Utility specific information regarding equipment and maintenance programs has been redacted, rendering this view-only.
The use case is classification of electric plant (utility) equipment failure mitigation strategies into general categories to identify trends and deficiencies.
This model classifies recods in the free-text 'Mitigation' field of a plant equipment database (71,000 records) into based on 'Mitigation' strategy type. Records are binned into one or multiple of the following classes:
- maintenance
- operational
- physical_barrier
- design_and_engineering
- supply_chain
- unknown
The NLP classifier applies a Linear Support Vector Classification (SVC) algorithm (https://scikit-learn.org/stable/modules/generated/sklearn.svm.LinearSVC.html).

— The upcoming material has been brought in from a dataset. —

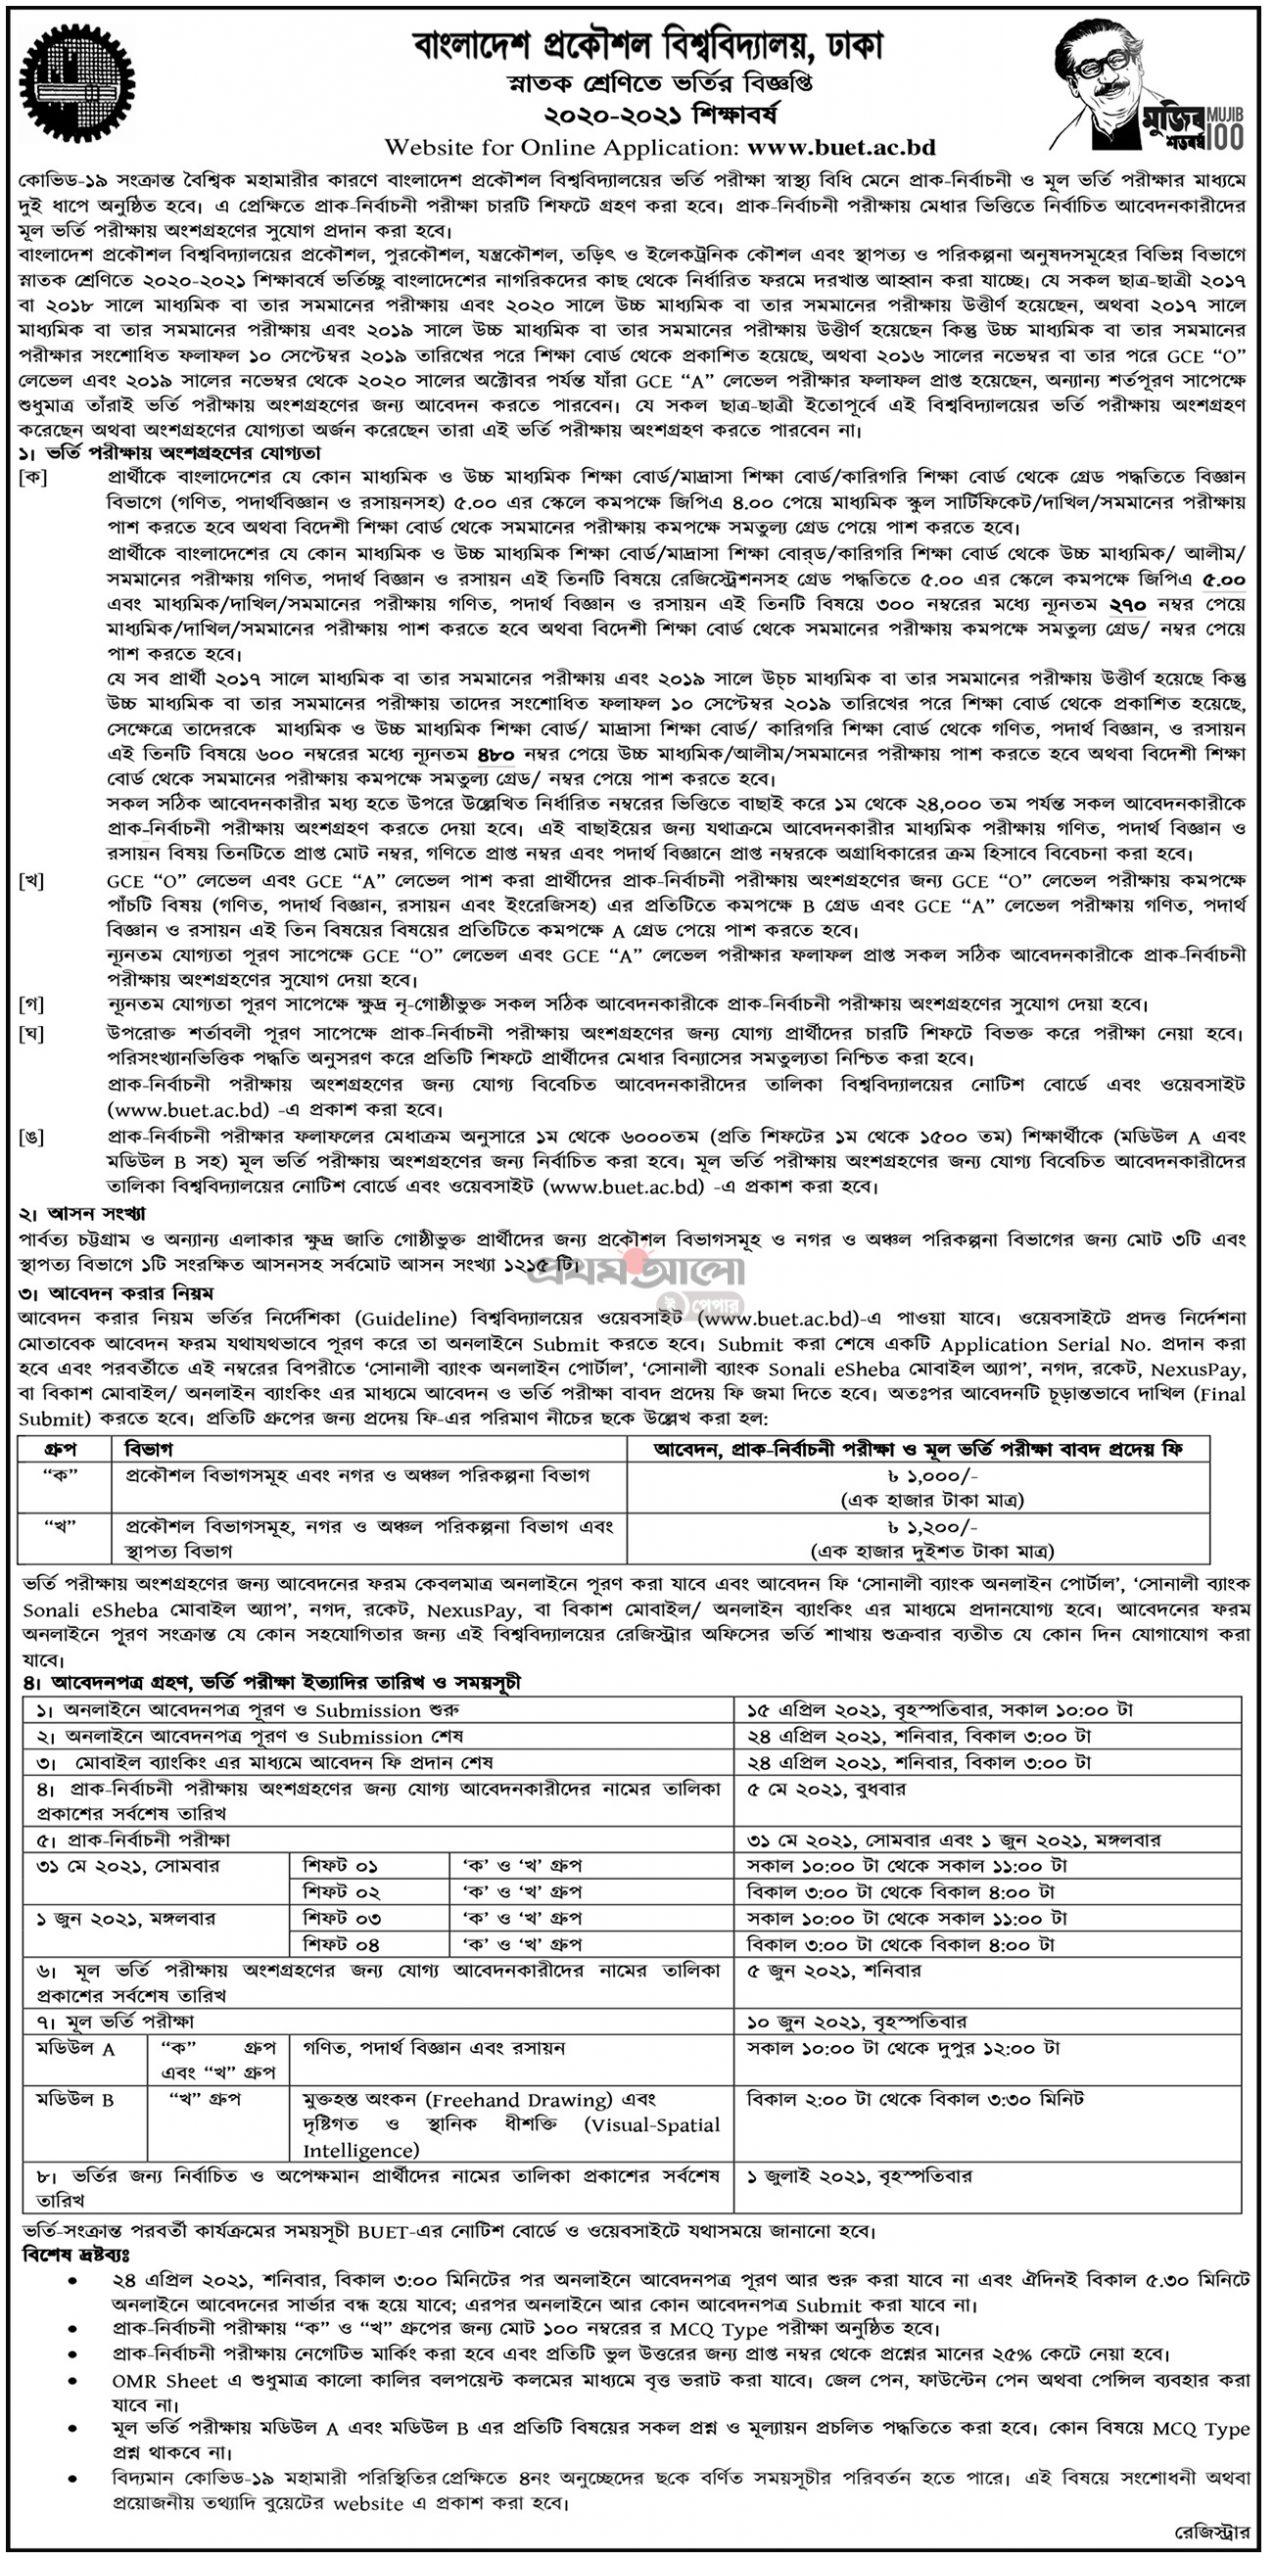 বুয়েট ভর্তি পরীক্ষার যোগ্যতা ২০২০-২০২১ ও ভর্তি বিজ্ঞপ্তি - BUET Admission Circular 2021

LVSC was selected based on trials using a number of text-classification algorithms, including:
- Random Forrest
- Naive Bayes
- Linear Regression
Moreover, this classifier applies a multi-label, "One vs Rest" (also known as 'binomial classifiication') strategy, which iteratively applies a seperate LVSM classifier for each label.
- Clone the repository
git clone https://github.com/ANMillerIII/LVSM.git
- Initialize and activate vitual environment
py -m venv venv
./venv/Scripts/activate
- Install dependencies
py -m pip install requirements.txt -r
- Switch to "LVSM" directory
cd LVSM
To run the 'Mitigation' classifier
py ./1_mitigation/mitigation_model.py
Prediction output will be in the respective 'out' directories
- 'train_set' data set is used based on naive string matching with some oversight. This should be improved by manually classifying a greater sample of 'Mitigation' fields by hand.
- Accuracy is not a meaningful metric for the 'apply_set' data, since the model is used to make predictions (i.e., must spot check manually)
- Foreign-language entries are classified with low fidelity due to lack of manual classification.
- 'train_set' data (3,569 records) are not classified by NLP, but rather string-matching/manually with inherent biases.